Jameson Film Festival continues to be a spectacle

Since it was established eight years ago, the Jameson Dublin International Film Festival has gone from strength to strength.

The festival, which took place from 18 to 28 February this year, has been the best yet – with a host of stars and an excellent array of both national and international films.

It began with the premiere of Ondine, the new feature from director Neil Jordan, starring Colin Farrell. Both Jordan and Farrell were present at the premiere, much to the delight of the waiting crowds.

Ondine is the story of an Irish fisherman (Farrell) who discovers a woman (Farrell’s real life partner, Alicja Bachleda-Curus) in his fishing net who he believes to be a mermaid.

Amongst the Irish films showcased at the event was IFTA winner Savage, an uncompromising portrayal about the violent underbelly of city life in Ireland that has been compared to Taxi Driver.

There was also a screening of the critically acclaimed His and Hers, which has been picking up awards at every festival that it has been to – including the Audience Award at JDIFF.

Inspired by his mother’s life story, Ken Wardrop’s film depicts the life of a woman from the Irish Midlands. Using around seventy women to portray the journey from birth to old age, the lives of these women and their relationships with the men in their lives are told in a deceptively simple and poignant film.
Meeting Room, a documentary about the Concerned Parents Against Drugs movement in the early eighties in Dublin, both engages and enrages in equal measure.

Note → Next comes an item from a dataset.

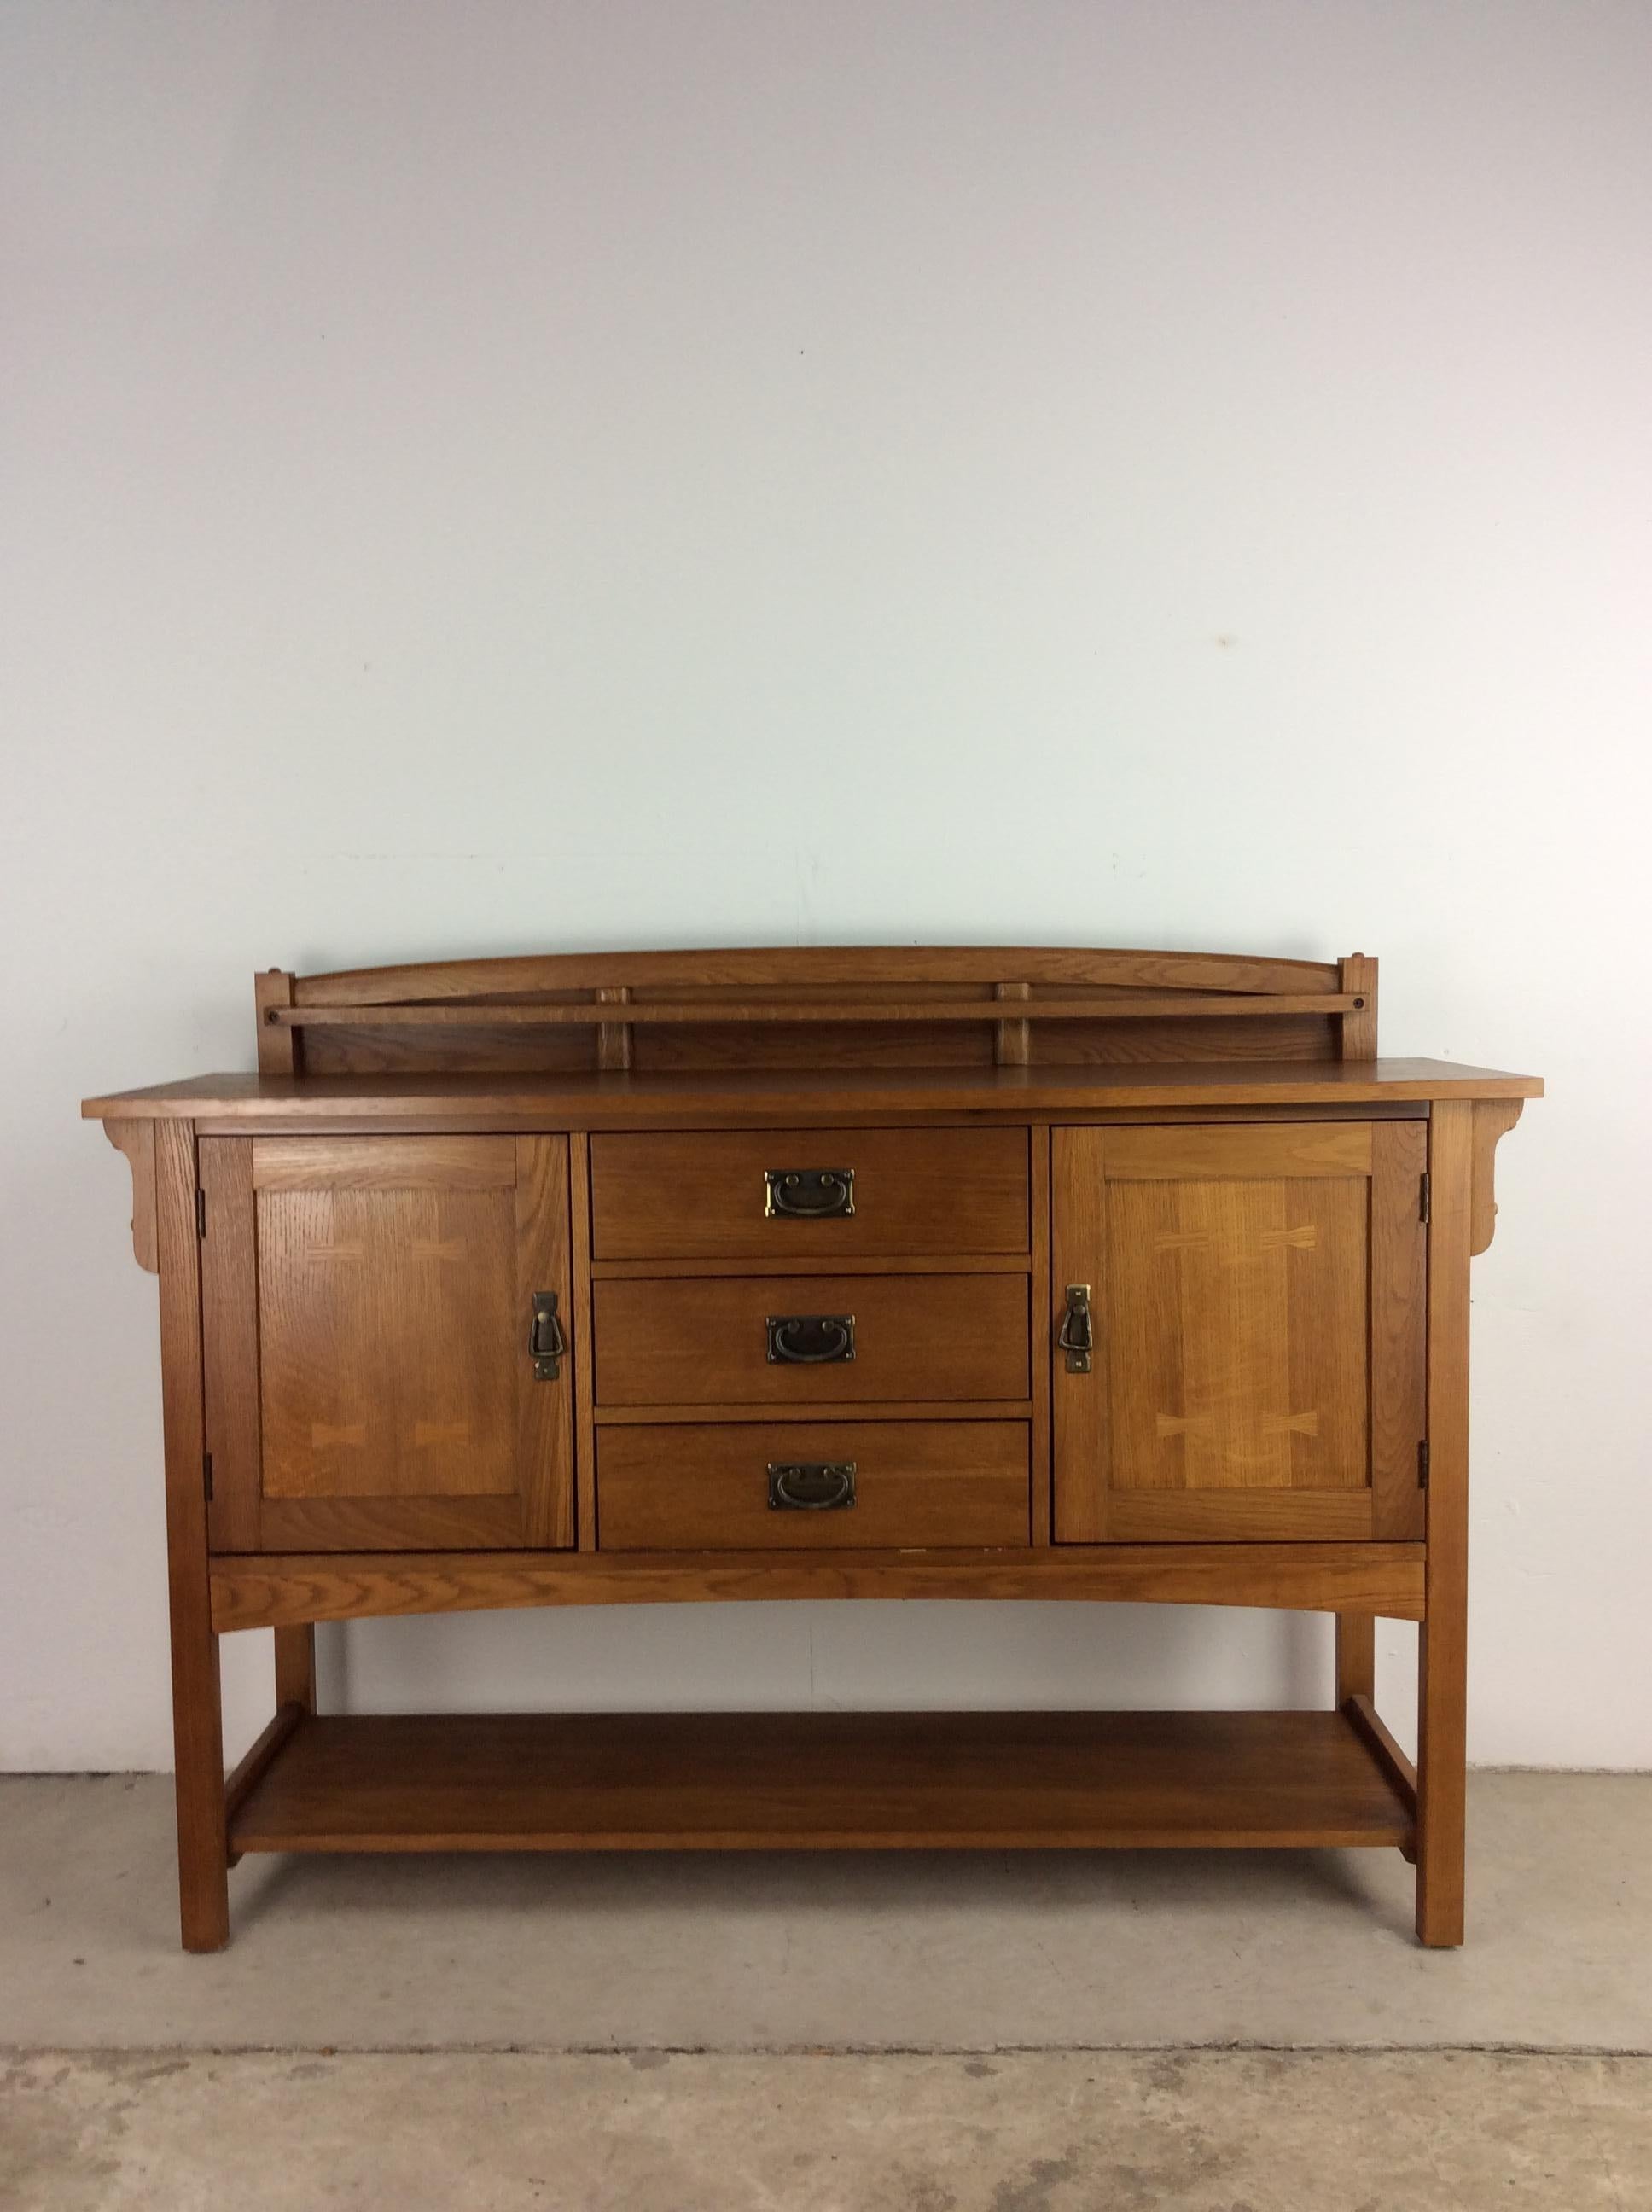 This vintage sideboard by Bassett Furniture features hardwood construction, original oak finish, unique dovetail detail on the cabinet door faces, brass accented hardware and open shelving along the base. 

This piece is identical to one that can

Set up in 1982 to combat the heroin problem in the city, the film has interviews with the movement’s key members and covers its controversial history, including its strained relationship with An Garda Síochána, the courts and the Irish media.

Some of the most popular tickets at the festival were for sneak peek screenings for some of the biggest films due out in the coming months.
Martin Scorsese’s newest offering, Shutter Island, has received mixed reviews since it was released in the US, but Irish audiences were given a chance to make up their own minds before its general release on March 12.

Set in the 1950s, the film stars Leonardo DiCaprio – this is his fourth collaboration with Scorsese – and Mark Ruffalo as a pair of U.S. Marshalls investigating a mysterious disappearance in a remote insane asylum on an island off Massachusetts.

Another film that shows a long-term actor and director partnership is Tim Burton’s new adaption of Alice in Wonderland. The film stars Johnny Depp, in his eighth Burton film, as the Mad Hatter, with Burton’s real life partner, Helena Bonham Carter, as the tyrannical Red Queen.

One of the hottest tickets at the festival was for Gasper Noe’s Enter the Void. The film is a ‘psychedelic melodrama’, which explores life and death as well as everything in between, all from the point of view of Oscar, a drug dealer in Tokyo. It is hard to describe, and even harder to forget!

There was also emphasis on Russian and Korean film in particular, with some truly inspiring and thought-provoking films, such as Hansel and Gretel, a Grimm fairy tale for adults from South Korea, and the multi award winning Mermaid, a look at adolescence in Russia that has been compared to Amelie – but is much more dark than its French counterpart.

There was also a tribute to the late Michael Dwyer, a co-founder of the Festival. There were a number of films dedicated to his memory, all of which were films that he championed at the Festival, including The Best of Youth (2003) and My Beautiful Laundrette (1985).

The Surprise Film, one of the biggest events at the Festival, was Ben Stiller’s newest film, Greenburg. It’s about a New Yorker who moves to Los Angeles in order to figure out his life while he house-sits for his brother.

There was a great gathering of celebrities at the festival. As well as Colin Farrell and Neil Jordan for the Ondine premiere, Kristin Scott Thomas was at the Festival for the premiere of her film, Partir, which was part of a celebration of her work to date.

She also was one of the recipients of this year’s Volta wards for her outstanding contribution to world cinema. The other two recipients were Patricia Clarkson and Ciaran Hinds, both of whom were at the Festival. Michael Sheen and Timothy Spall were at the Alice in Wonderland premiere.

Tilda Swinton was also at the Festival, for her films I Am Love, which was the Closing Gala film, and Orlando. She also gave a public interview at the Lighthouse Cinema in Smithfield on 28 February, which will be broadcast on RTÉ Radio 1’s Arts Tonight on March 29.

After such a great year, it is no surprise that so many people are looking forward to next year’s Festival. It will no doubt be as fantastic!